Christians don’t always agree, but does it matter? 

If I was to ask, “Is taking bread bread and wine in memory of Jesus’ death a requirement for all Christians?” – how would you answer? And if I was to ask, “Is baptism in water a requirement for all Christians?” – how would you answer that one too? 

Those are the two “biggies” in Christian circles too, communion and baptism, the two most common “sacraments” that for many are an “absolute must,” but for some in the Christian Community they are aids, or symbols, not requirements. And those who believe they aren’t requirements have scriptures to back up their belief too, just as those who believe the sacraments are requirements have scriptures to back up their belief.

There are dozens of other differences among Christians too, also backed up with scriptures, in answer to questions like: “Can Christians go to war and kill people?”; “Is heaven our final destination or living in resurrected bodies on the earth?”; and “Will God save everyone in the end, or will some people spend eternity in hell?” 

And for the sake of Christian unity “Should we all follow a prescribed Worship Calendar based on evolving human tradition?” – to which many would say “yes,” because it focuses their hearts and minds on the greatness and love of Jesus, but others would vehemently say “No,” because it smacks too much of legalism and a noose squeezing the breath of the Holy Spirit out of them.

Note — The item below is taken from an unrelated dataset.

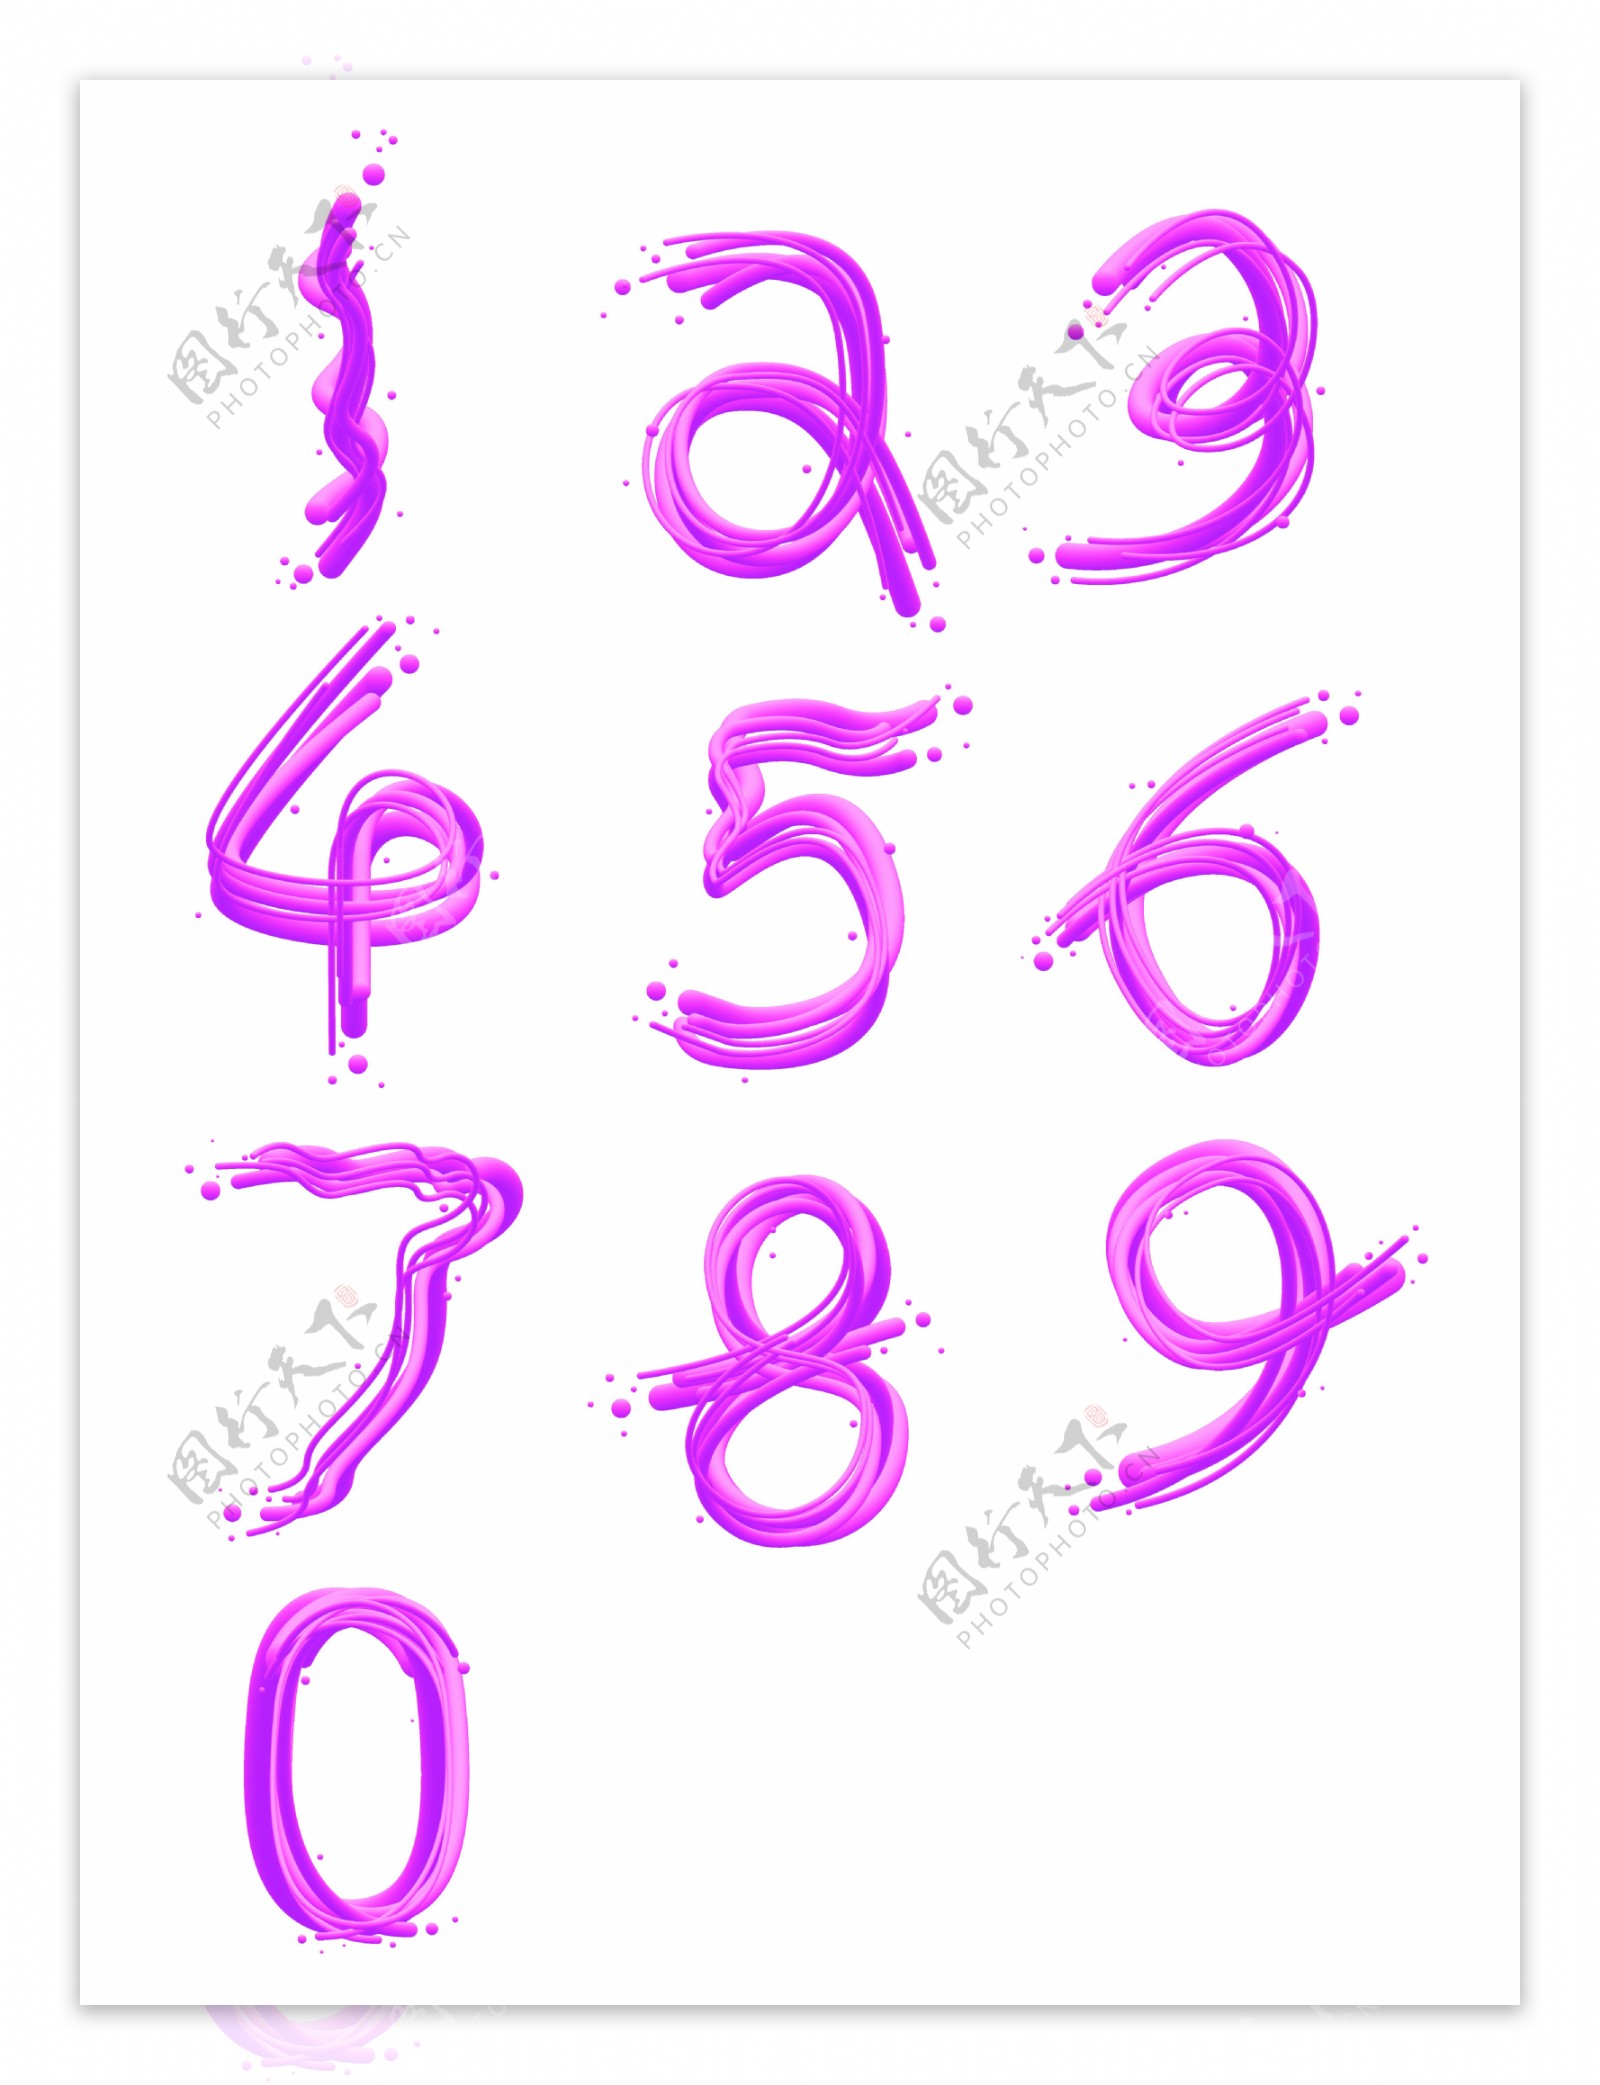 阿拉伯数字渐变混合字体设计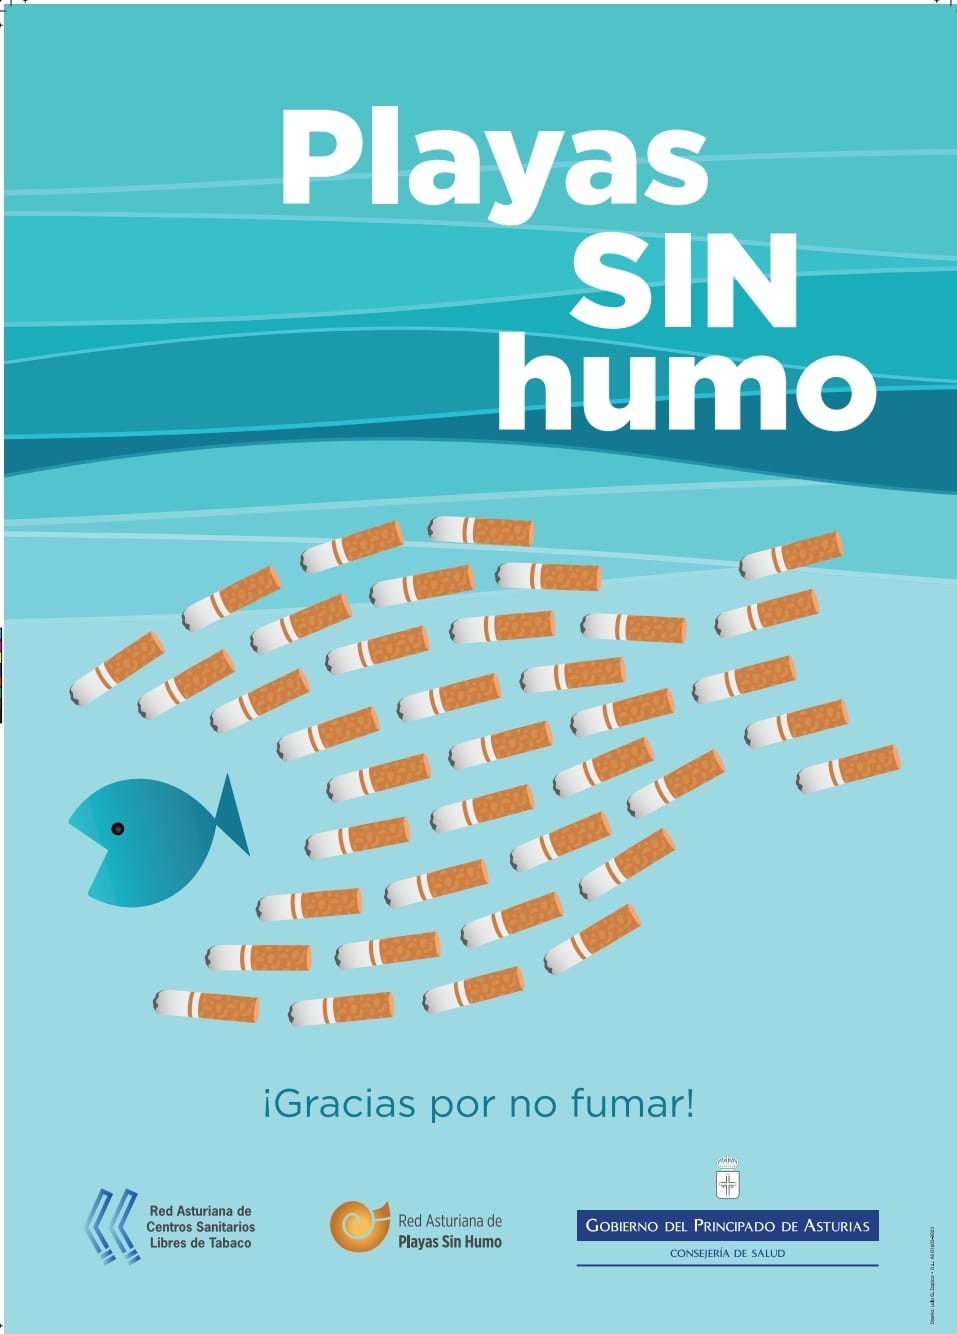 Cartel oficial de las Playas sin humo de Asturias

No wonder Christianity is scarred by “worship wars,” and now endless debates about whether it’s right or wrong to allow same-sex marriage among Christians, or the ordination of women and practicing homosexuals into the clergy.  

And reading through Romans 14 and Paul’s other letters, especially his letters to the Corinthians, there were huge differences of belief and opinion among Christians back then too. So how did Paul deal with them?

Well, he got right down to the purpose of the church and how God set it up with “pastors and teachers, etc.” in Ephesians 4:11, “to prepare God’s people for works of service, so that the body of Christ may be built up.” verse 12, “until,” verse 13, “we all reach unity in the faith and in the knowledge of the Son of God and become mature, attaining to the whole measure of the fullness of Christ.” 

So Paul concentrates our attention on becoming mature, which he defines for us as becoming like Jesus in all his fullness. And that’s the same for all of us; it’s sharing exactly the same purpose in life of having it engrained in our heads that “in Christ all the fullness of the Deity lives in bodily form, and you (or we) have been given fullness in Christ,” Colossians 2:9-10. In our own bodies, therefore, we can be as full of God as Jesus is. And that’s God’s great goal for us, repeated in 2 Corinthians 3:18, that we are “being transformed into Jesus’ likeness with an ever-increasing glory.” 

So that’s what we concentrate on if we hope to become mature Christians. But what does that involve us doing? Paul’s answer in Ephesians 4:15 is “speaking the truth in love,” and that’s how “we will in all things grow up into him who is the Head, that is, Christ.” 

In other words, we talk together about our differences as Christians, and “speak truthfully” to each other, verse 25, “for we are all members of one body.” We still may not agree but if talking out our differences is the best solution, according to Paul, and it’s done “in love” (verse 15), then we all get to experience what it’s like being filled with the fullness of Jesus himself. And isn’t that what matters? 

It’s proof too that we are “putting on the new self, created to be like God in true righteousness and holiness,” verse 23. In other words, it’s proof we are maturing: it’s in our simple willingness to talk things over with each other in love, and “not give the devil a foothold,” verse 27.

In my own experience it’s been wonderful being in a small group of Christians willing to do just that, talk things out in a spirit of love. It gets heated at times when we don’t or can’t agree, but we don’t stop being friends and it doesn’t stop us listening to each other, or coming back for more. And sometimes a bit of truth sneaks through, or strikes home, that we hadn’t thought of before.

I’ve learnt, therefore, that disagreement is not something to fear or try to stamp out. I’ve also learnt that disagreement doesn’t even matter one bit when you love each other and want “what is helpful for building others up according to their needs,” verse 29. It’s one of the marvellous blessings we get to experience that enables us, verse 3, to “keep the unity of the Spirit through the bond of peace” at those awkward moments when disagreement could easily tear us apart.